[Xymon] alerts.cfg GROUP not matching

James, Tim A. Tim.James at navient.com
Mon Aug 17 20:19:38 CEST 2020


Some more digging and here is what I have found.  Prior to the upgrade to 4.3.30, I had groups with underscores in the names and groups with more than 7 characters.  Since the upgrade I can no longer do that.  I have re-written my analysis.cfg and alerts.cfg files to shorten the names and the commands to test the alerter now function correctly again, as do my alerts.

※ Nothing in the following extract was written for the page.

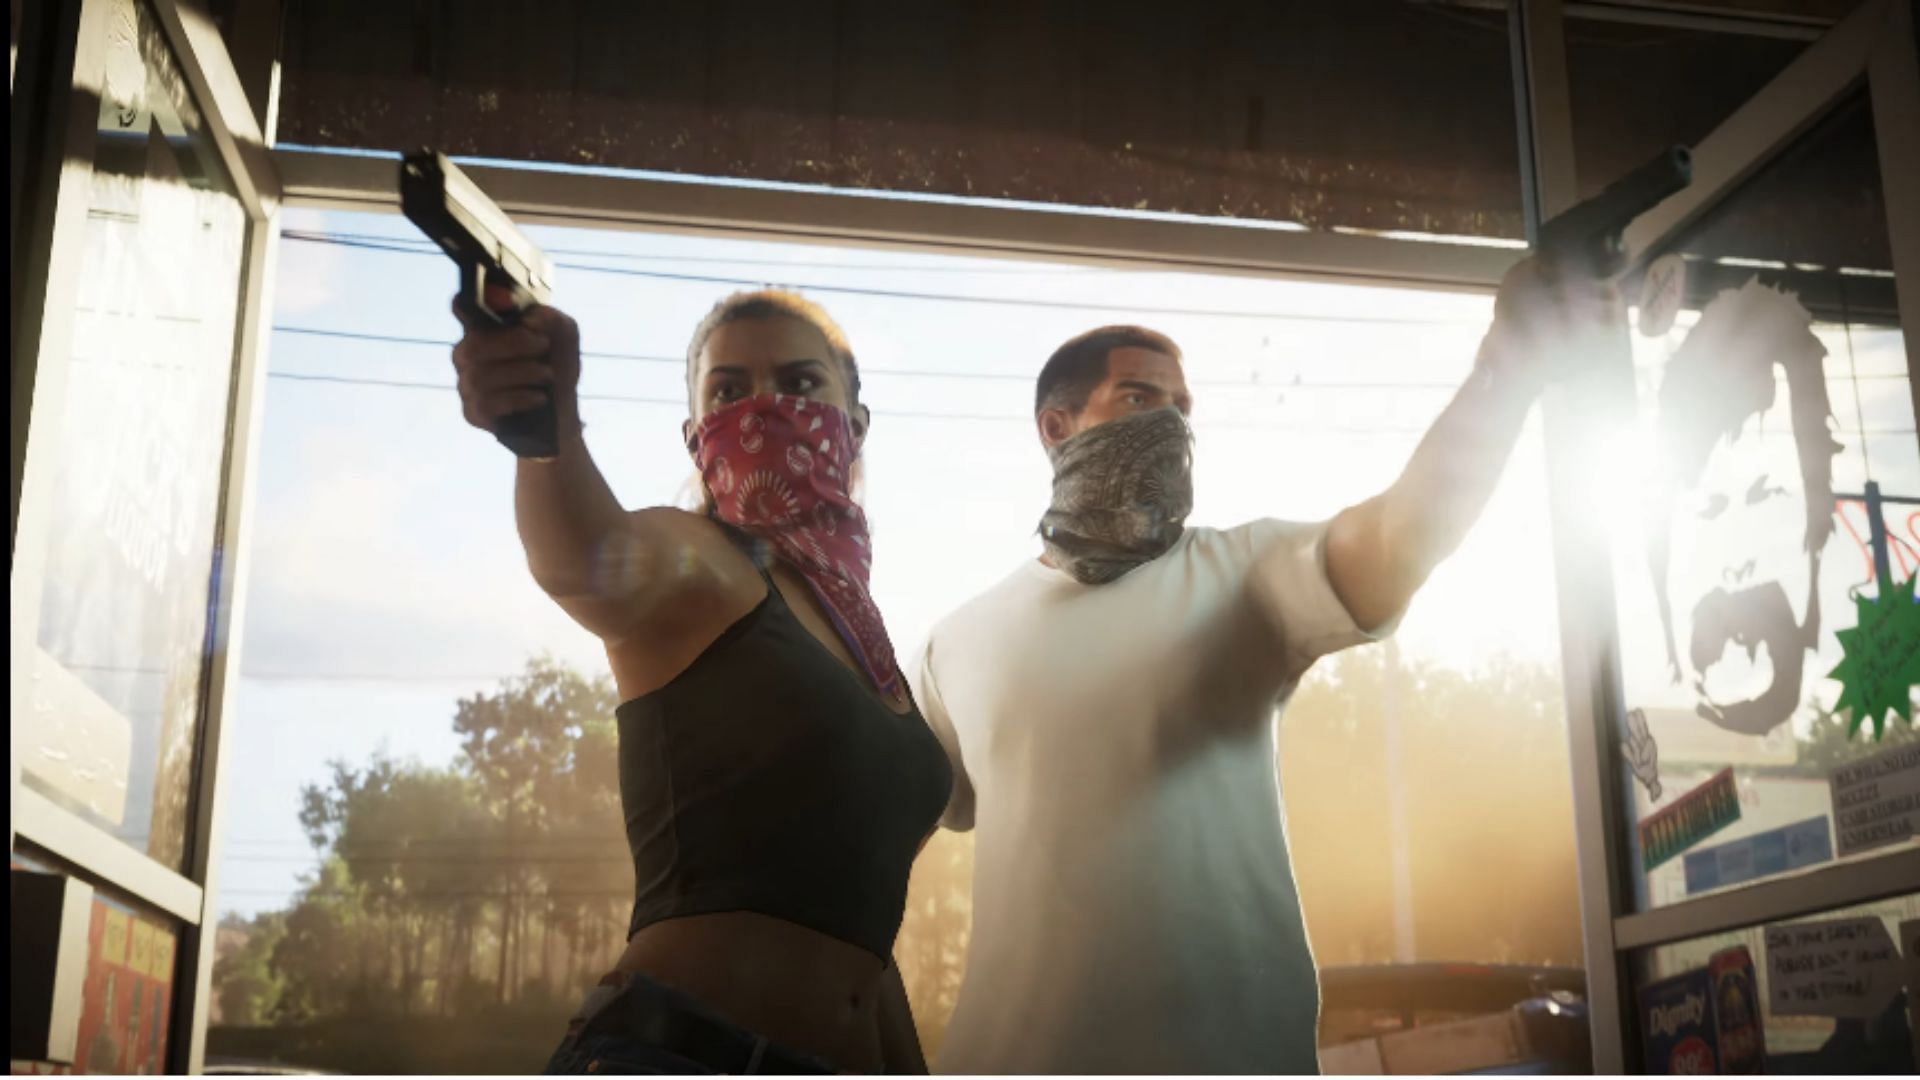 Fans are eager to see more of Lucia and her partner (Image via Rockstar Games)

It's a bad workaround so can anyone explain why I might be seeing this issue?
Test cases and results:
Group name < 4 characters = FAIL
Group name > 7 characters = FAIL
Group name containing an underscore = FAIL
Group name containing a hyphen = FAIL
Group name with 4-7 characters and no underscores or hyphens = SUCCESS.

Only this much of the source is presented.